Wassiliewska, Galina

Wassiliewska

Galina Wassiliewska; Arbeitseinsatz in Augsburg, Streichholzfabrik Biehr

Auch Galina traf ich bereits im März 2006 in Kiew. Im Alter von 12 Jahren wurde sie nach Deutschland, nach Augsburg deportiert. Mittlerweile ist sie 77 Jahre alt, sieht aber deutlich jünger aus. Der Vater von Galina wurde bereits 1933 unter Stalin aus politischen Gründen nach Sibirien deportiert, als er zehn Jahre später aus dem Straflager entlassen wird, kehrt er nach Kiew zurück. Seine Frau will nicht mit ihm in den Kaukasus, so trennen sich beide und der Vater von Galina heiratet nochmals. Kurz danach wird er zum Kriegsdienst einberufen. Sie sieht ihren Vater nach dem Krieg nur noch wenige Male, zur Geburt ihrer Tochter 1961 besucht er sie. Dann trennen sich die Wege.

1942 wird Galina gemeinsam mit ihrer Mutter nach Augsburg deportiert. Die Mutter ist 33, sie ist 12 Jahre. In Augsburg arbeitet Galinas Mutter in der Fabrik, ihre Behandlung ist demütigend. Auch Galina arbeitet einen halben Tag in der Fabrik des Streichholzfabrikanten Biehr in der Nähe der Kahnfahrt in der Nähe der Jakobermauer. Galina macht mir eine Skizze von der Lage des Betriebes.. Die Streichholzfabrik wurde während der Bombardierungen 1944 vollständig vernichtet. Die Baracken der Zwangsarbeiter befanden sich auf dem Werksgelände, neben den Ostarbeitern waren auch Franzosen bei Herrn Biehr beschäftigt. Die Direktorin nahm sie gerne am Nachmittag mit in die Stadt zum Einkaufen, manchmal durfte sie sogar alleine in die Stadt gehen. Frau Erna Biehr war eine warmherzige, humorvolle Frau, sie sang sehr gerne und liebte die Natur. Galina hat nur gute Erinnerungen an Frau Biehr und bittet mich, ihr Grab zu finden und Blumen niederzulegen. Ich verspreche, mich darum zu bemühen.

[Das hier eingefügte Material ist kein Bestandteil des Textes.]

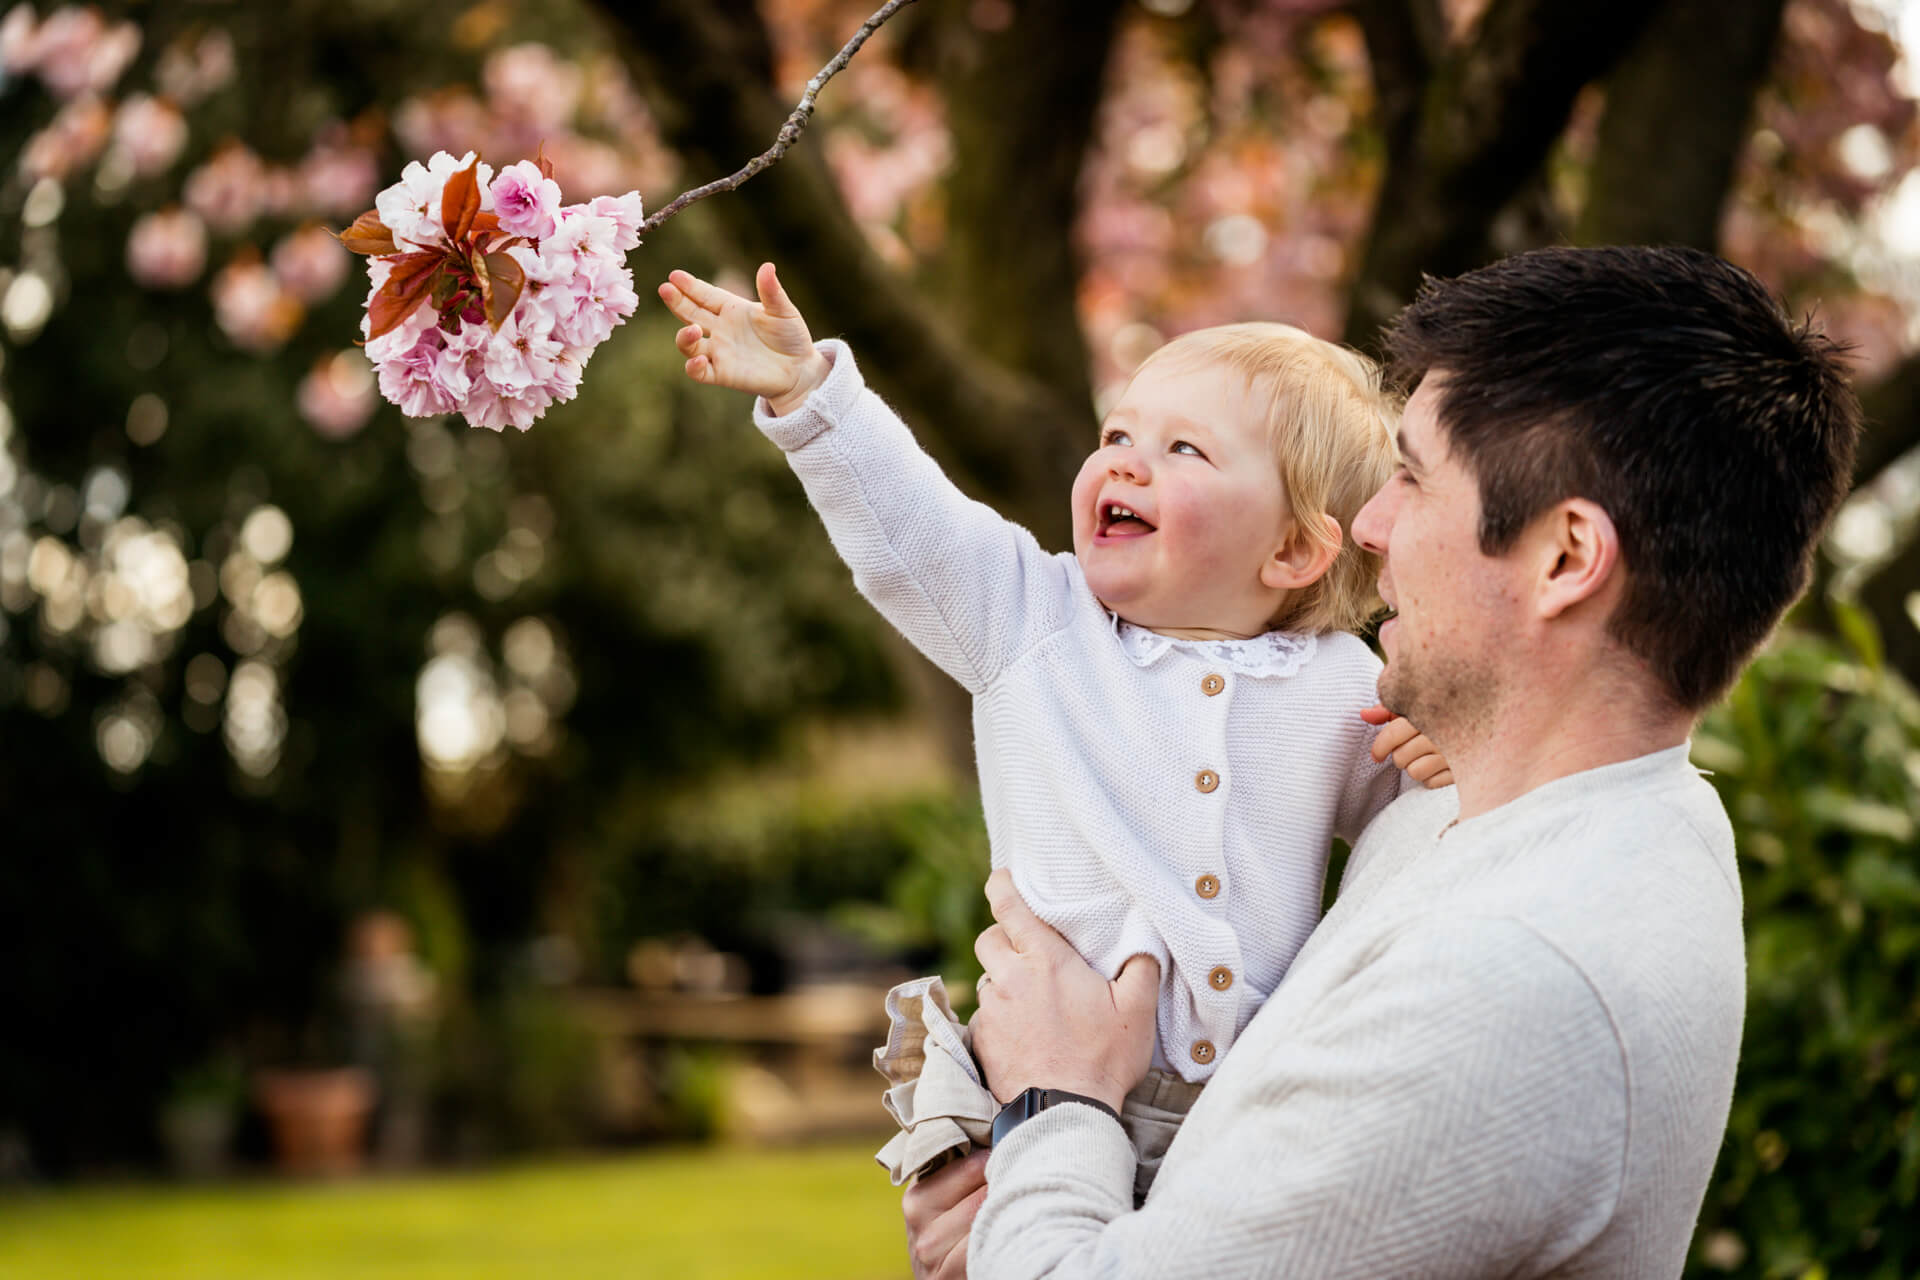 harrogate family photography- little girl reaching for a blossom

Galina ist sehr aufgeregt, mich zu treffen, sie setzt mehrere Male an und verliert manchmal den Faden, sie ist zu aufgewühlt. Galina musste viele Schicksalsschläge überstehen. Die Tochter verunglückte tödlich, so zog sie ihre beiden Enkelkinder auf. Mittlerweile sind die Enkelkinder 19 und 25 und die einzige Freude im Leben von Galina. Glücklicherweise besuchen die Enkel ihre Oma regelmäßig. Ihr Mann sitzt nach einem Schlaganfall im Rollstuhl.

Ich bin besonders betroffen davon, dass Sie mir die Bilder ihrer Tante und ihres Onkels zeigt und mich fragt: „Sehen so die Gesichter einer minderwertigen Rasse aus?“ Noch nach über 65 Jahren sitzt die Demütigung durch die Nazis tief.

Galina ist fast blind. Ihr Mann ist kein Kriegsveteran, daher zahlt die Krankenkasse auch nicht notwendige Operationen. Ältere Menschen in der Ukraine vermeiden daher, wenn es sich vermeiden lässt, operative Eingriffe, denn die müssten sie selber bezahlen. Aber es gibt eben zweierlei ärztliche Versorgung : die eine für die Reichen, die andere ist eine reine Notversorgung für diejenigen, die über kein Geld verfügen. Es gibt eine Liste derjenigen Medikamente, die für Pensionäre kostenlos sind, alle anderen müssen bezahlt werden. Aber woher das Geld nehmen, bei gerade mal 120 Euro Pension?

Wie schon im letzten Jahr überreiche ich Frau Wassiliewska einen Geldbetrag und sie ist überglücklich. Ich verspreche, sie beim nächsten Male wieder zu besuchen.